Government should learn the London lesson

he new London transport commissioner, Peter Hendy, will soon have a new string to his bow – running part of the rail network. Of course, he already has the Tube and the Docklands Light Railway, but the finishing touches are being put on a deal with the Department for Transport which will give Transport for London control of most of the existing Silverlink franchise when it disappears in the autumn of 2007.

The logic is compelling. The four lines – the North London, West London, Euston – Watford and Gospel Oak – Barking and which will be known collectively as North London Railways – run almost entirely within the boundaries of Greater London and are currently a rather forgotten bit of the national rail system. In particular, they need considerable investment, the North London is particularly overcrowded and West London and the Gospel – Barking both have enormous potential and little capacity. TfL has money available thanks to its near £3bn bond issue.

TfL will also, of course, run the trains on the East London line, which will be a kind of French style RER suburban rail service using part of the old London Underground network (and, of course, the world’s oldest tunnel under a river built by Marc Brunel and opened in 1843) and part national rail tracks. Preparatory work has already started and it is hoped the line will be completed in 2010. Services on both these lines will be franchised out to operators, but the interesting aspect of TfL’s rail portfolio is that there such a variety of different models. The Tube, of course, is run under the Public Private Partnership with TfL remaining the operator but the infrastructure being controlled and maintained by private infrastructure companies.

The Docklands Light Railway, meanwhile, is franchised out as a unified railway to Serco, which both looks after the infrastructure (apart from on a couple of recent extensions which are under separate contracts) and operates the trains, under a recently signed deal. North London Railways will continue operating on Network Rail track but will franchise out the operations. However, this will be a different model from other national rail services as there is no question of passing on the revenue risk, which will remain with TfL.

There will be another big difference with this franchise, too, in that it will need new rolling stock and Ian Brown, managing director of London Rail, says that TfL is looking at the possibility of simply buying the stock, rather than leasing it: For North London, 25 three car trains will be needed, and for East London a further 20, which means that old trains may possibly be used initially on the North London line until an order for both new sests could be placed together.

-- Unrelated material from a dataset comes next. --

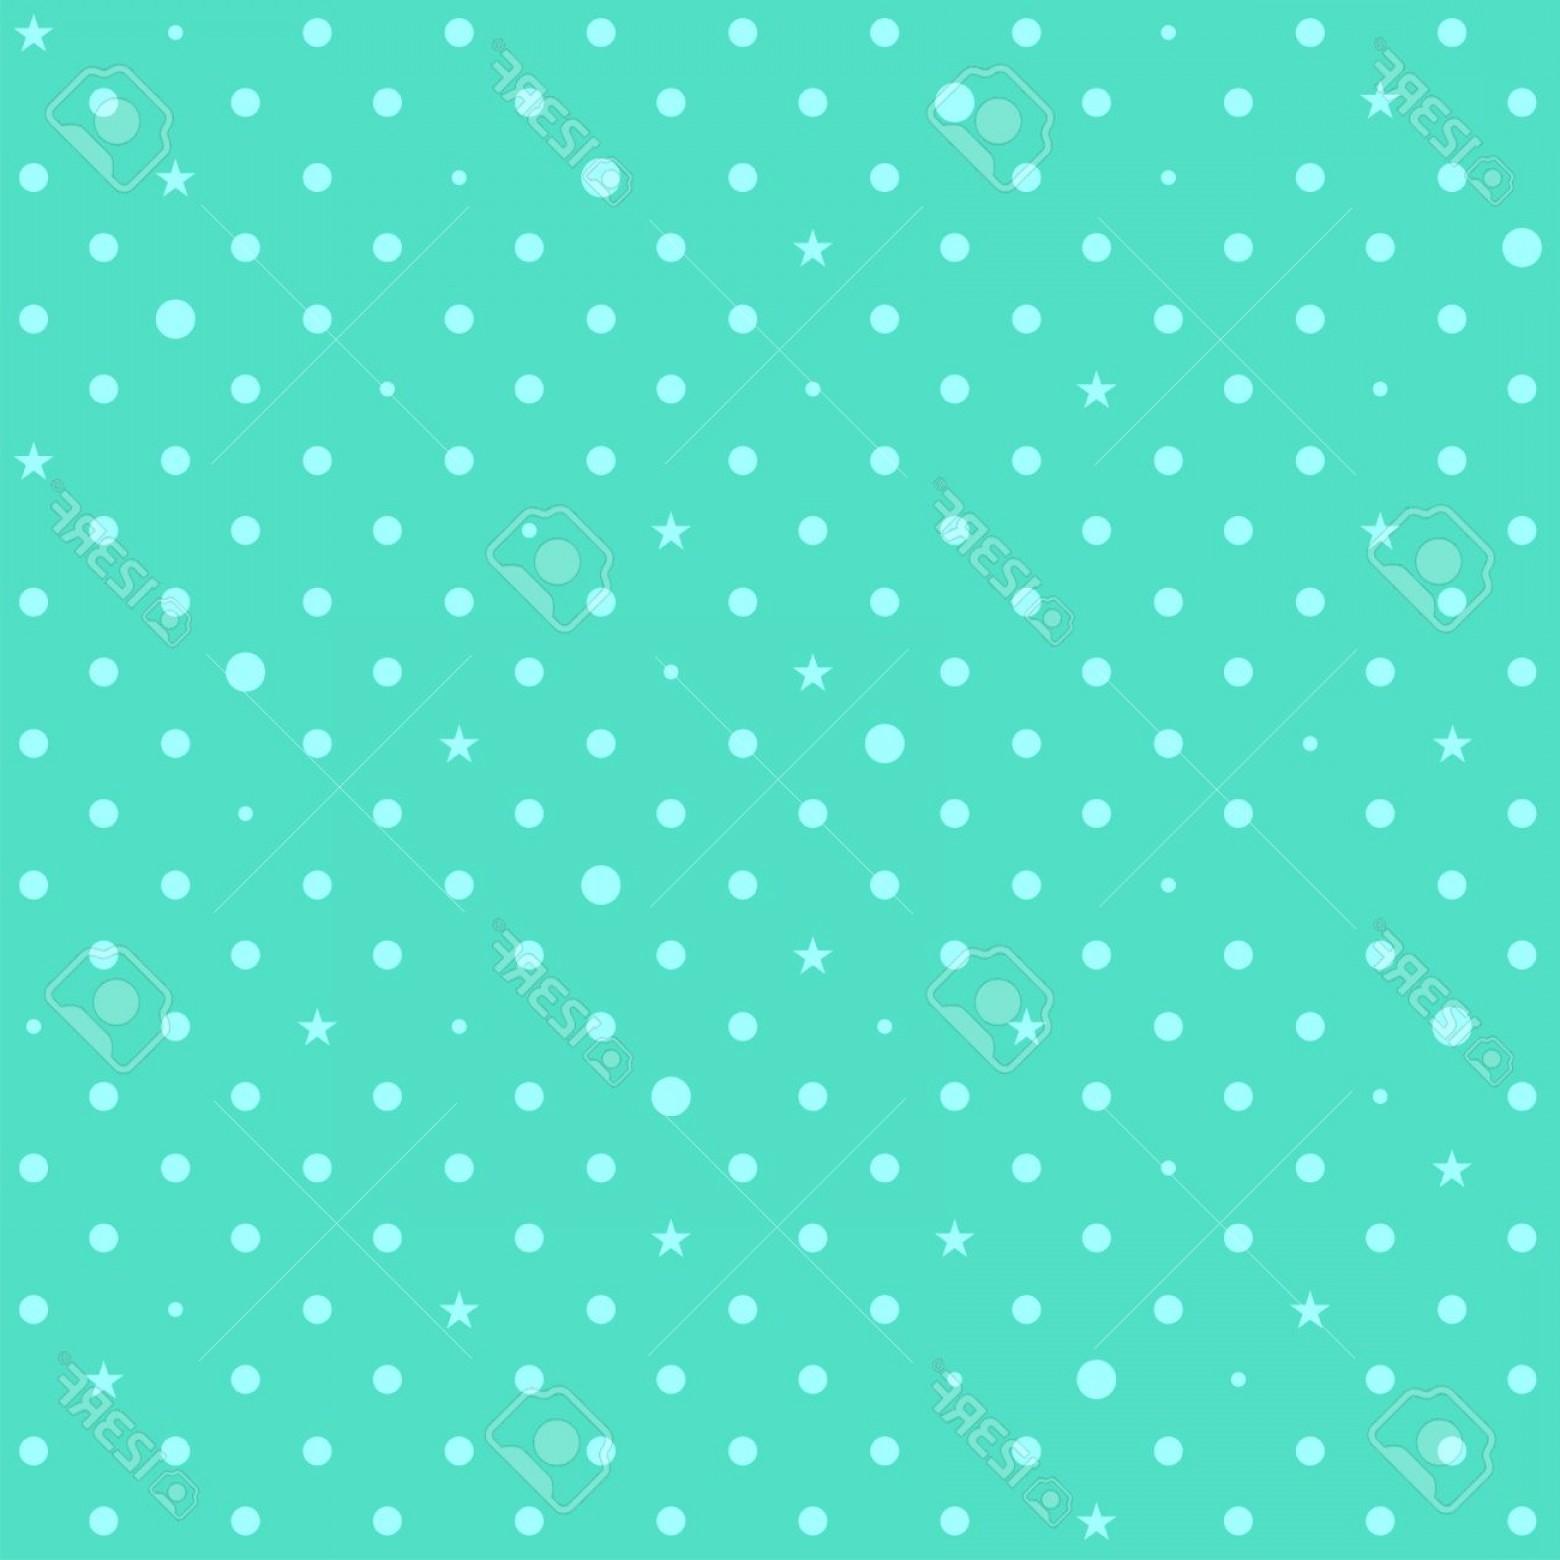 1560x1560 Photostock Vector Blue Green Mint Star Polka Dots Background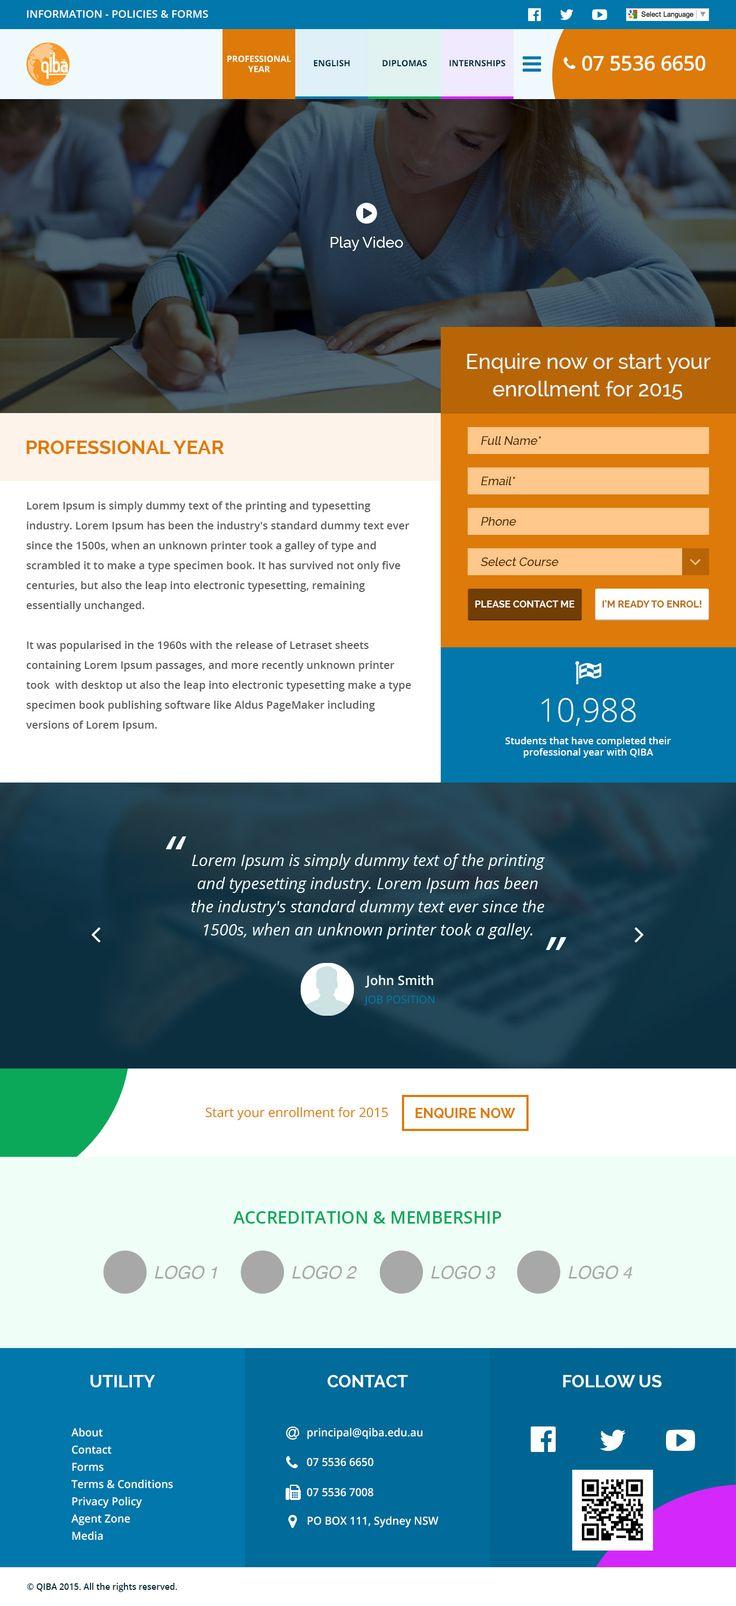 Website design for Queensland International Business Academy

This could be good news for the beleaguered British rolling stock industry, since there are no new orders from the rest of the English national rail network in the offing.But the rolling stock companies may be concerned that they will be left out of the loop and that others may follow this model.The interesting point about these developments is how different these various models are from the existing structure of franchising to which the Department for Transport seems so committed in a completely blinkered way.

The extraordinarily high successful bids by First for the two recent franchises, Greater Western and Thameslink/Great Northern and by Sea Containers for GNER (which is already losing money) seem destined to end in tears given that they are predicated on 8-9% compound revenue growth.. On the other hand, TfL is taking a much more sensible approach in not attempting to pass risk that is difficult to quantify.

It has also done this in construction projects, such as the various DLR extensions which have been delivered on time and on budget. How long will it be before the Department learns these lessons from its own doorstep?